De ces 32,1 millions, 7 millions ont déjà été investis en 2015 pour la mise à jour de plusieurs terrains de baseball et 11 millions seront consacrés cette année. Les quelque 15 millions restants serviront à identifier deux pôles régionaux où seront construits les deux terrains de calibre international.

Le maire estime qu’après avoir investi beaucoup d’argent dans d’autres sports au cours des dernières années, le baseball avait un peu été laissé pour compte. C’est pourquoi il a mis en place cette politique. « Je pense que c’est un outil de développement qui manquait à Montréal, a-t-il dit. Tous les sports sont importants. On a mis des dizaines de millions dans les terrains de soccer, dans les arénas, dans les terrains de tennis. On va même construire un terrain de rugby. Ce n’est pas rien : on investit 32,1 millions. »

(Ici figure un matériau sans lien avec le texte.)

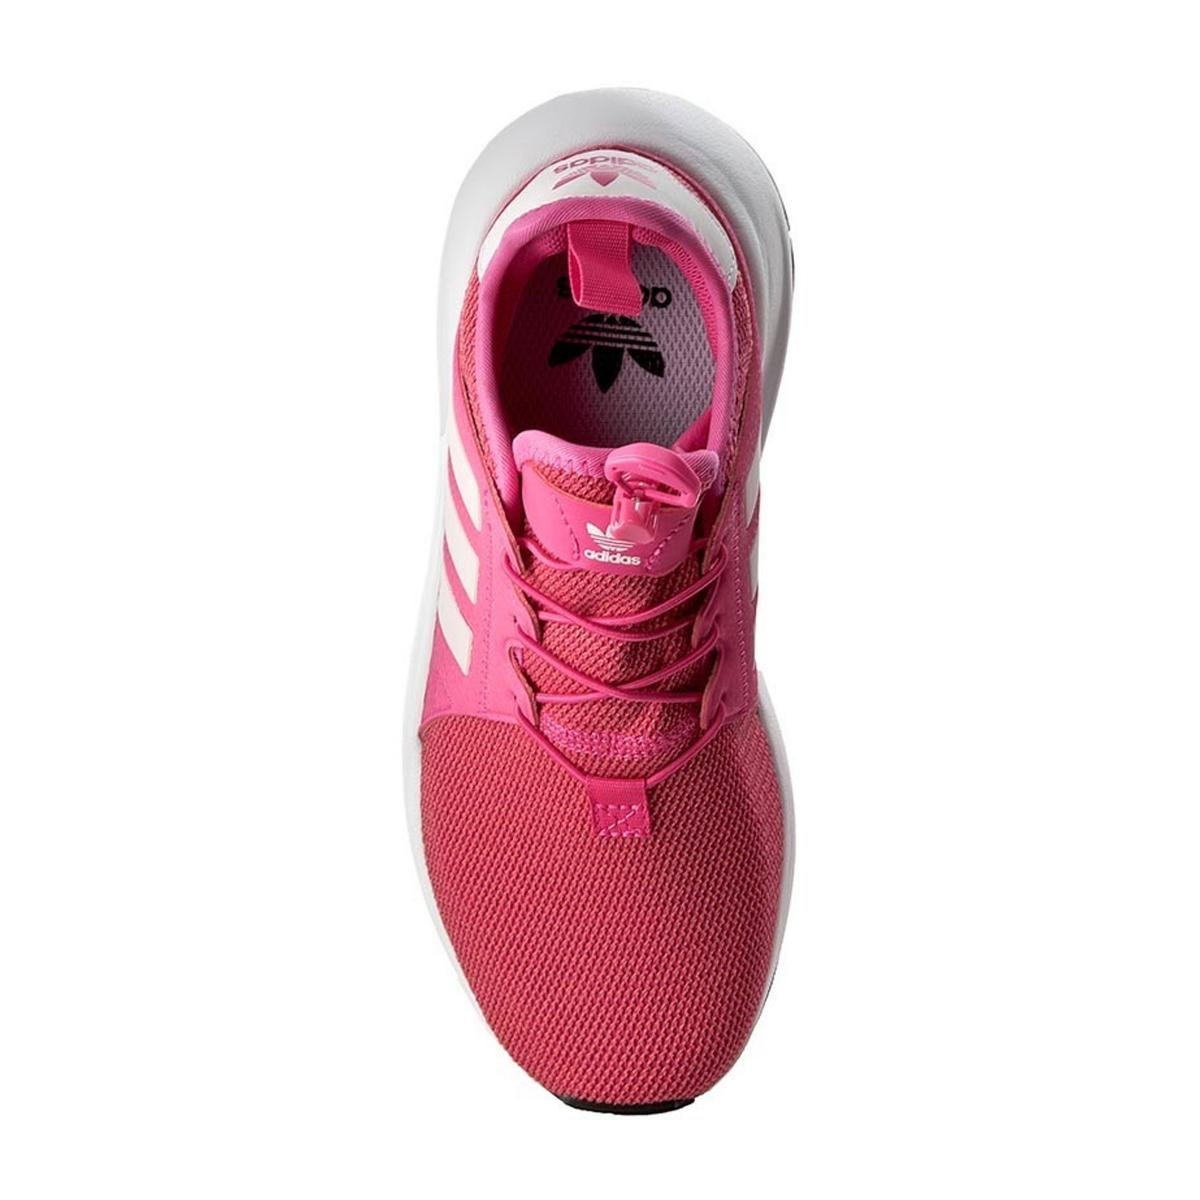 Scarpe Sneakers Adidas X_PRL J sportive da ragazza rif. BB2827

Cette politique servira par ailleurs également au projet à long terme de ramener le baseball majeur à Montréal. Coderre estime que développer l’intérêt pour le baseball « du bas vers le haut » ne pourra qu’aider Montréal quand une expansion ou une relocalisation aura lieu. « Ça fait partie de la stratégie, a souligné le maire. Il faut entretenir la flamme et démontrer notre amour du baseball. Le baseball, c’est beaucoup plus que le retour des Expos. Il s’agit aussi de démontrer que cet outil de développement formidable forme notre jeunesse, amène des passions et développe des joueurs qui peuvent arriver à devenir des joueurs professionnels. »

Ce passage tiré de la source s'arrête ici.